That site makes me sick...seriously...

To answer your question, she will not be going out without me. She is in IC and MC. She is being fully transparent. 

What else should I be doing here?


----------



## Gabriel (May 10, 2011)

ltj7708 said:


> That site makes me sick...seriously...
> 
> To answer your question, she will not be going out without me. She is in IC and MC. She is being fully transparent.
> 
> What else should I be doing here?


Nothing, really. Just hold firm to your boundaries for real this time, or none of what you are doing matters. 

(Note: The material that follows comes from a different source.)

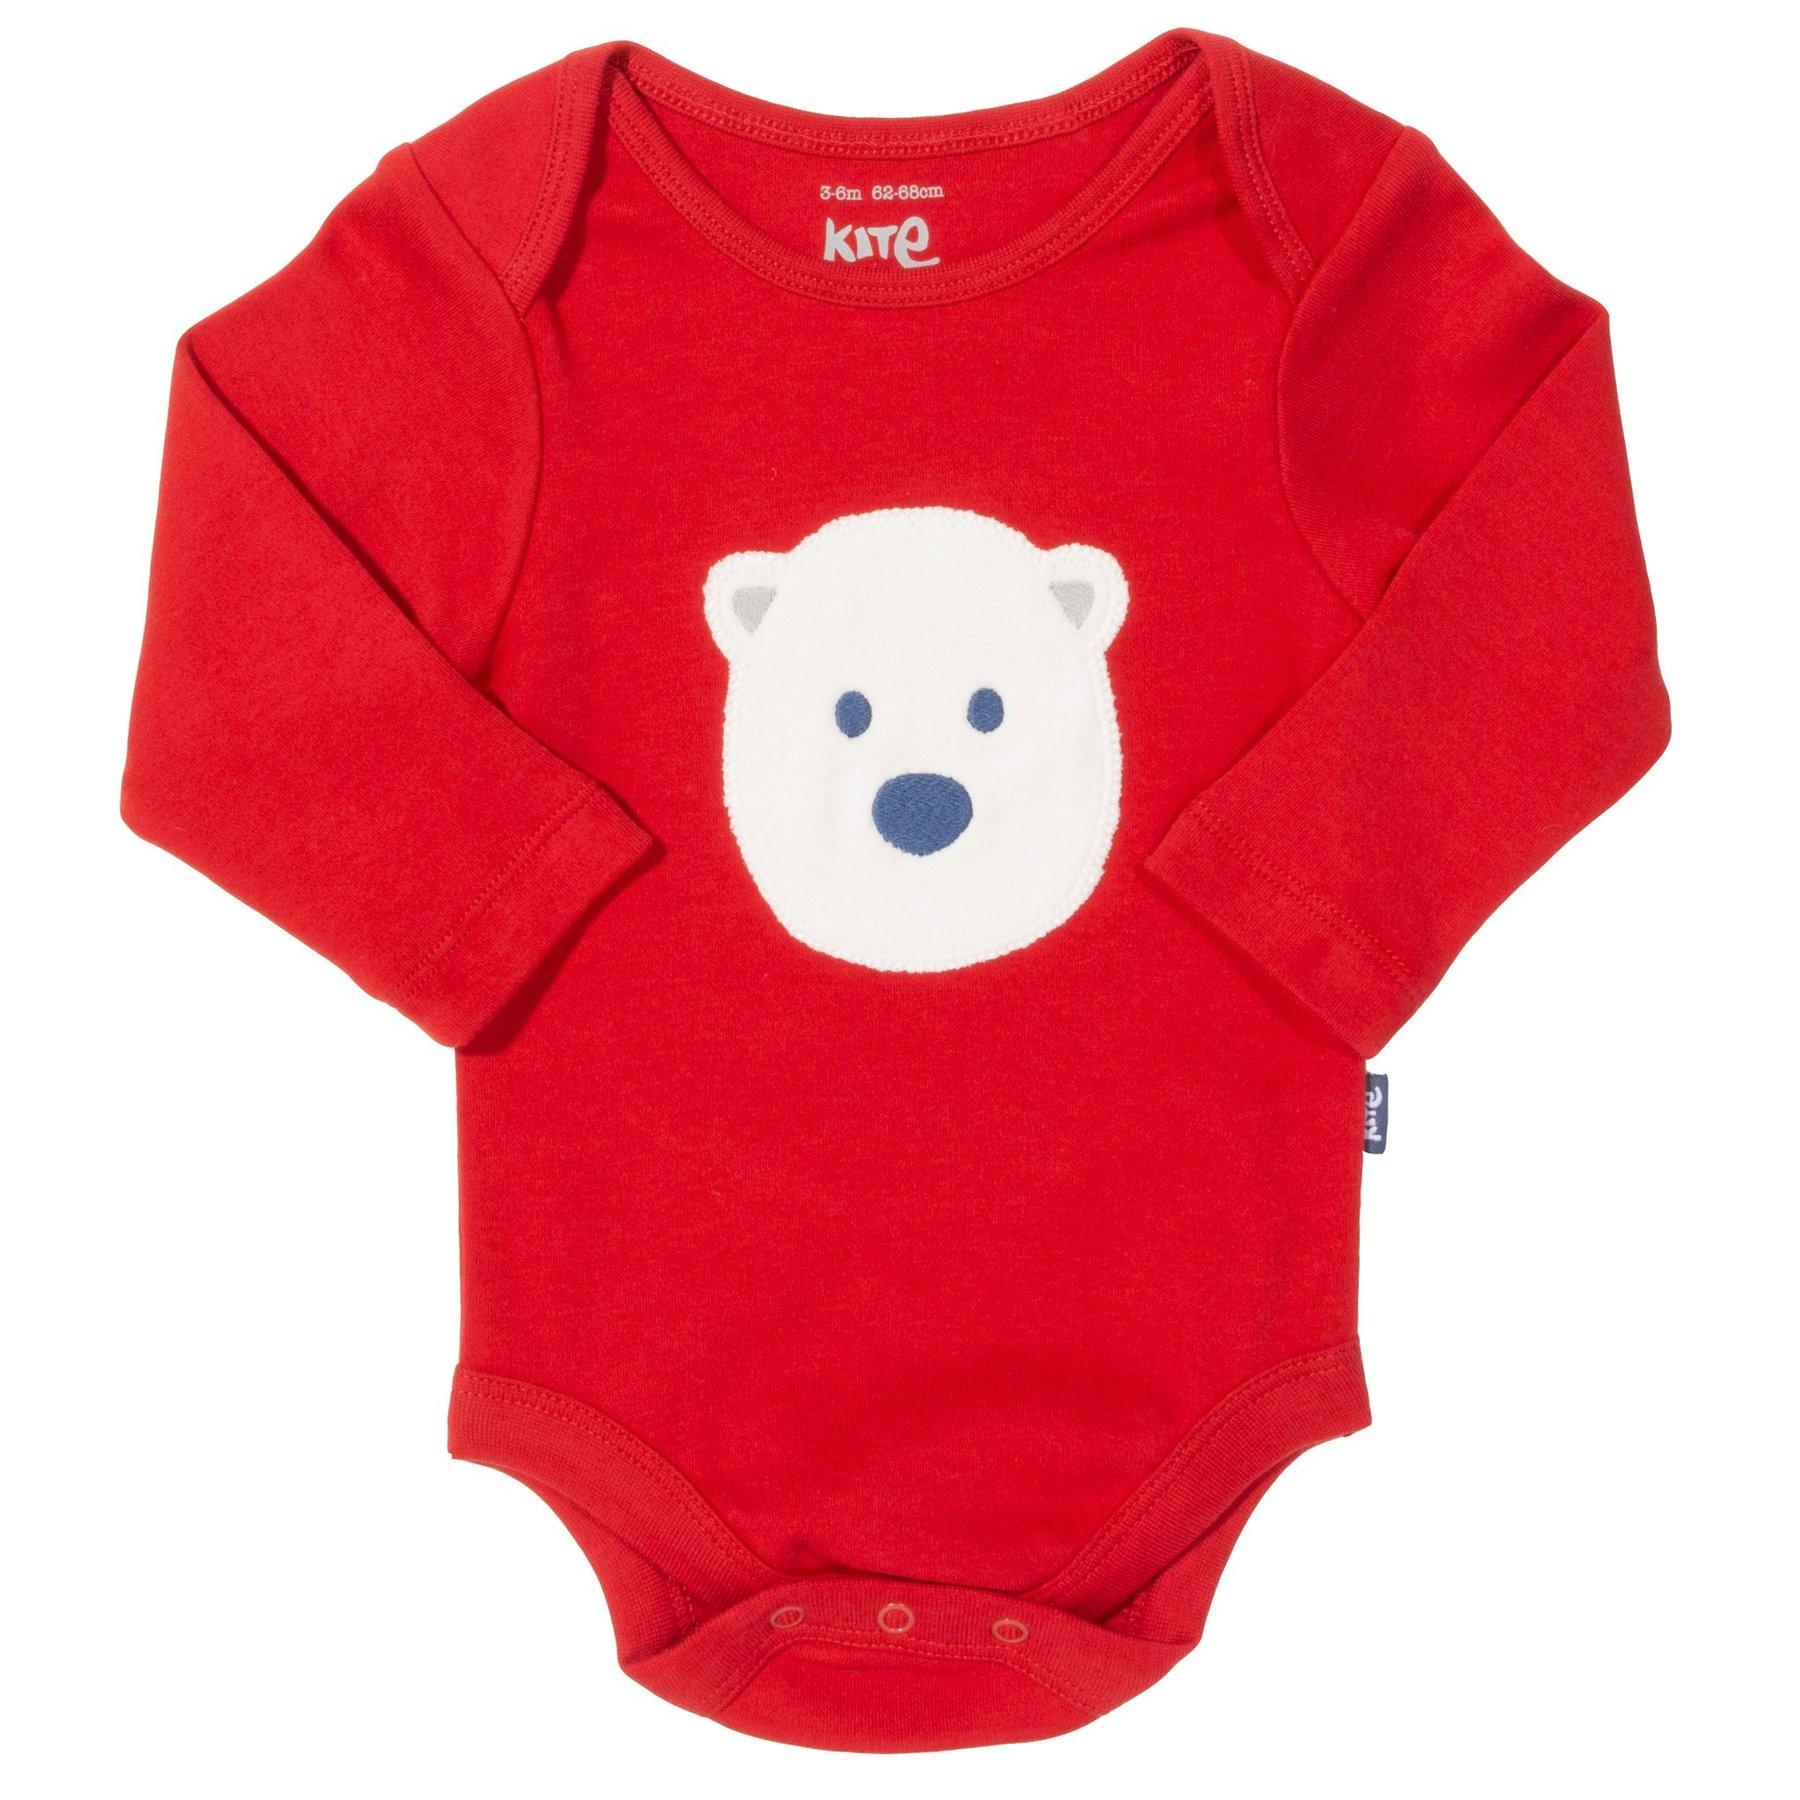 Kite Snow Bear Bodysuit - Red (was £14.00)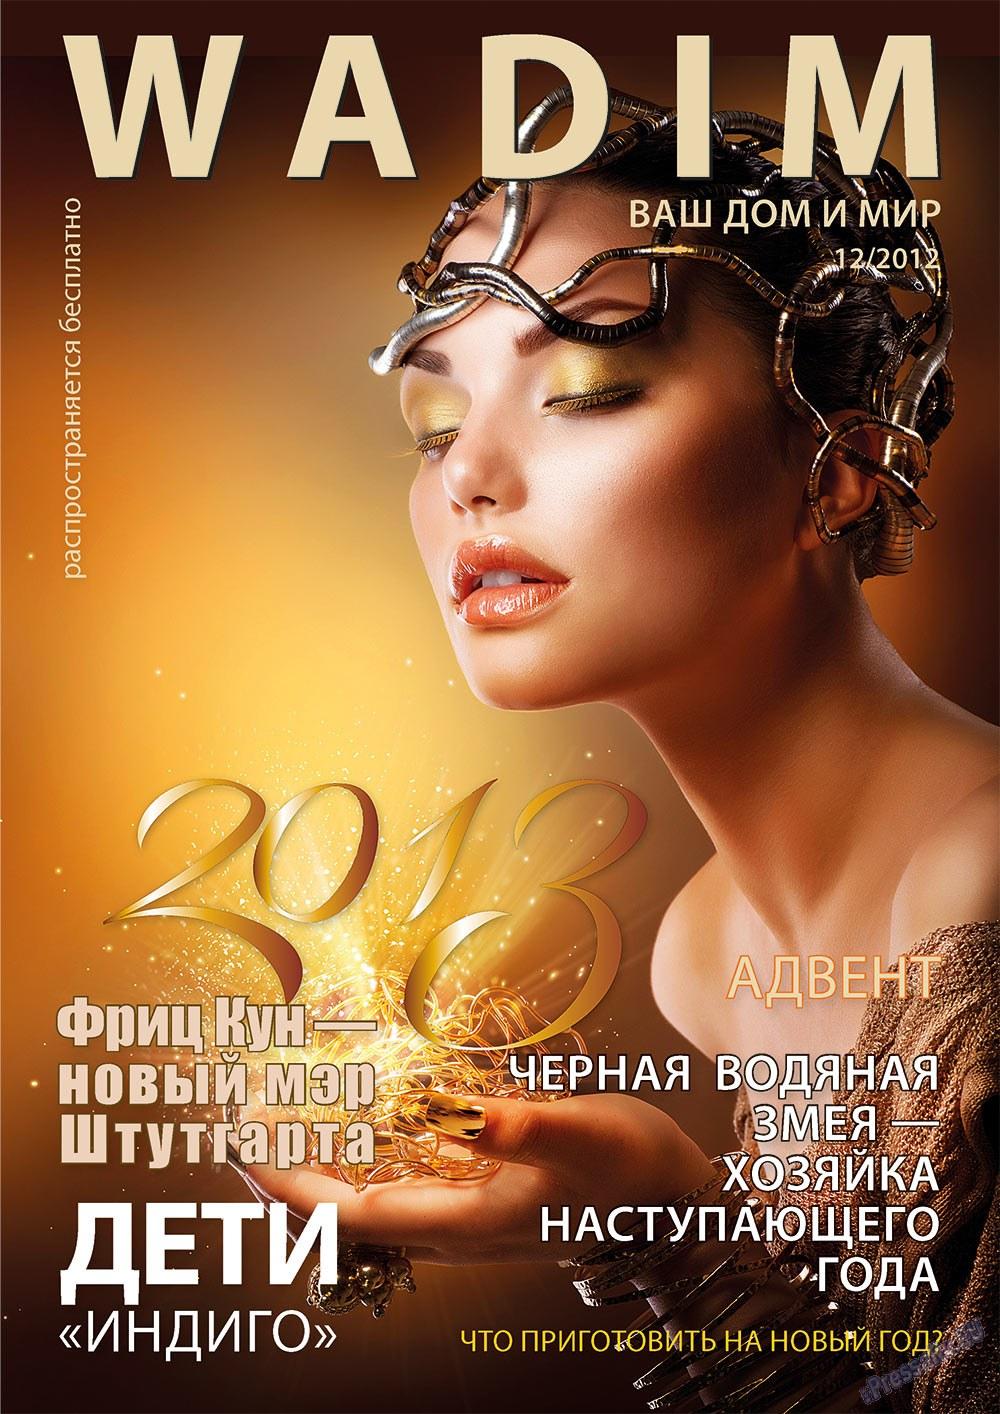 Wadim (журнал). 2012 год, номер 12, стр. 1

Without consequences, there is no motivation to change behavior.


----------



## ltj7708 (Mar 7, 2012)

Hope1964 said:


> I really, really hope things work out for you. You sound so sad, my heart goes out to you. Please keep us updated, and steel yourself for another D day.
> 
> Have you been STD tested?
> 
> PLEASE make sure you have a line drawn for next time and if/when she crosses it, MAKE SURE that is THE END of it. Please.


Thank you for what you said.

I have not been STD tested yet. I thought there was a certain amount of time that you needed to wait before a test will show anything. I did tell her that this was going to be done for the both of us.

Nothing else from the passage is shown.